Job 4:1
November 17, 2019 · Pastor Miles DeBenedictis
In this teaching
An overview of Job 3–37 that examines how Job and his friends wrestle with the problem of suffering through the worldview of retribution (sowing and reaping), and shows that the book does not so much answer why God allows suffering as it reveals our flawed assumptions and points to humanity's true need for a mediator, ultimately found in Jesus Christ.
- The problem of moral evil and pain is the hardest question any worldview faces, and Job shows humanity has wrestled with it for thousands of years.
- We rightly expect right behavior from the Judge of all the earth—but the atheist who accuses God of unfairness betrays a worldview with no basis for right or wrong.
- Job's friends operate on the "law of retribution" (cause and effect, sowing and reaping), assuming the righteous prosper and the wicked suffer, so Job must be guilty.
- This worldview fails because we do not actually understand the ways and works of God, whose ways are higher than ours.
- Like John the Baptist and Jesus, Job was a righteous sufferer for whom God was still at work even when things did not unfold as expected.

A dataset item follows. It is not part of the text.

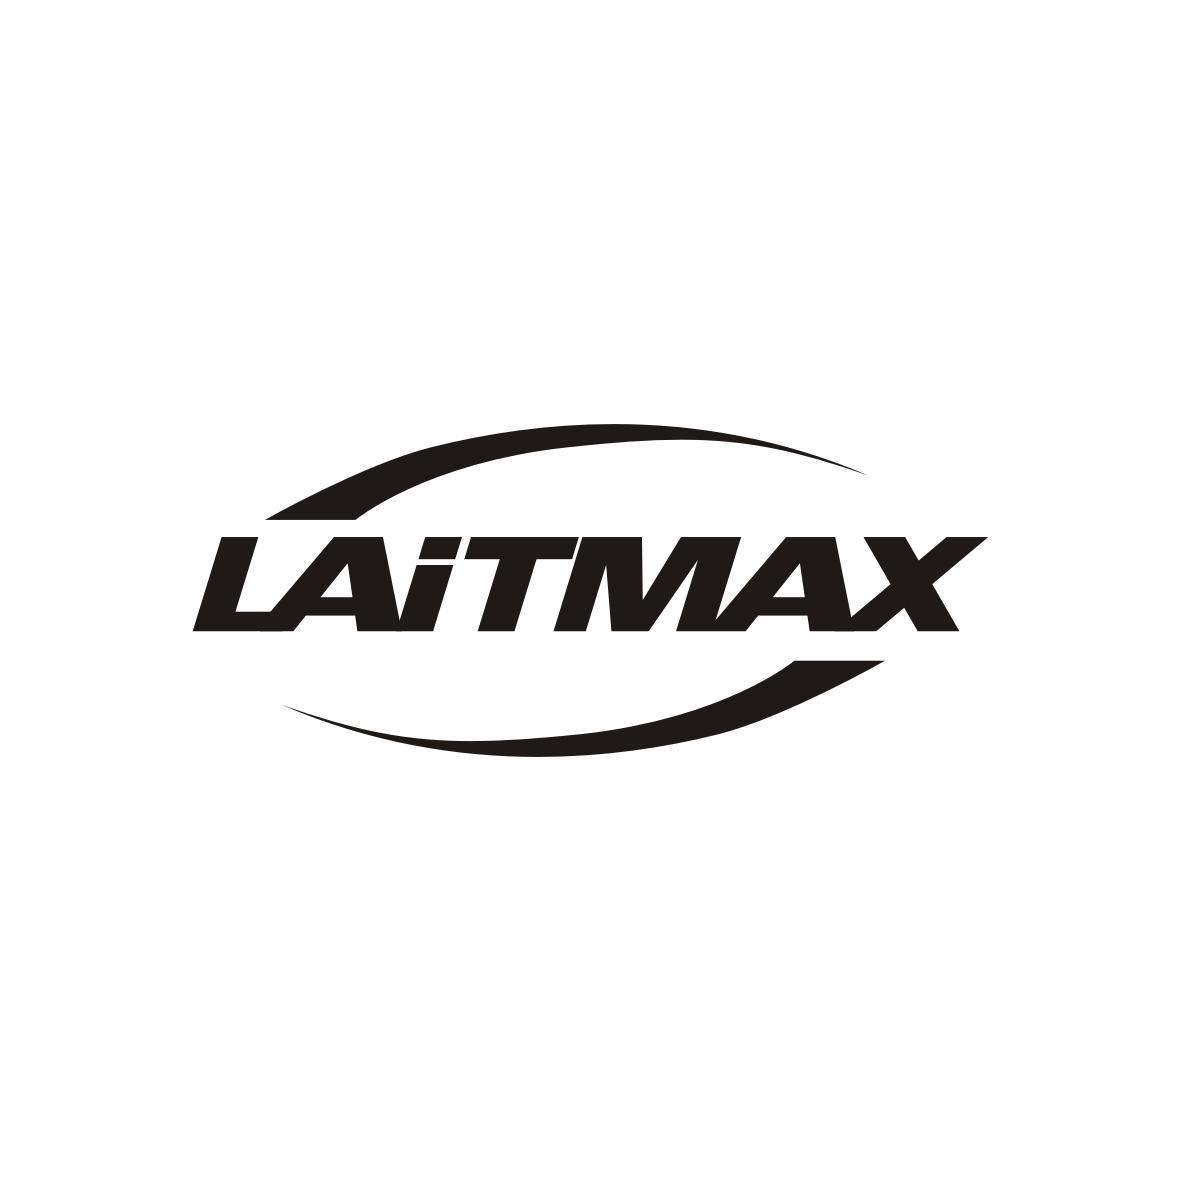 LAITMAX商标转让

- Job longed for a mediator to plead his case before God—exactly what we sinners need, and what is provided in the one mediator, Jesus Christ.
Then Eliphaz the Temanite answered and said: "If one attempts a word with you, will you become weary? But who can withhold himself from speaking? Surely you have instructed many, and you have strengthened weak hands. Your words have upheld him who was stumbling, and you have strengthened the feeble knees; but now it comes upon you, and you are weary; it touches you, and you are troubled. Is not your reverence your confidence? And the integrity of your ways your hope? Remember now, whoever perished being innocent? Or where were the upright ever cut off? Even as I have seen, those who plow iniquity and sow trouble reap the same." ()
The book of Job does not tidily answer why God allows suffering—it strips away our false assumptions and points us to the mediator we truly need.
A Conversation That Captures Job's Question
This last month at Calvary Chapel Costa Mesa there was a moderated discussion—originally intended as a debate—between political commentator Dave Rubin, who previously considered himself an atheist and grew up in a Jewish family, and Christian apologist John Lennox, a professor of pure mathematics at Oxford. It was hosted by Justin Brierley of Unbelievable on Premier Christian Radio. The video came out just yesterday, and it touches directly on what we've been considering in Job.
Rubin told of a young couple who came up to him before a show, both visibly distraught. The husband had just learned he had stage-four cancer and little time to live. The wife had discovered she was pregnant, but the baby had died and had to be removed the next day. Unimaginably horrific circumstances. Rubin said the only words he could find were, "God bless you." There was nothing else he could say.
Lennox responded that this is the hardest question any of us face. "The problem of moral evil and pain... is the hardest question any of us face." He noted that the atheist says it's just the way the world is—there is no God—but if you abolish God, you can actually make the problem worse, because now there is no hope. From the Christian perspective there is the hope of the resurrection. Lennox offered two things, not as tidy answers, but as windows into possibility: first, if that really is God incarnate on the cross, then God has not remained distant from human suffering—He has become part of it. Second, the resurrection of Jesus means there is ultimately real hope, because the resurrection guaranteed a final, utterly fair judgment. Nobody escapes this problem; no philosophy or worldview escapes it.
What the Book of Job Actually Does
When you read Job chapters one and two and see Job's collapse, you might assume the next forty chapters will answer why God allows suffering. But as you come to chapter four and get into the meat of the book, you discover it isn't really doing that.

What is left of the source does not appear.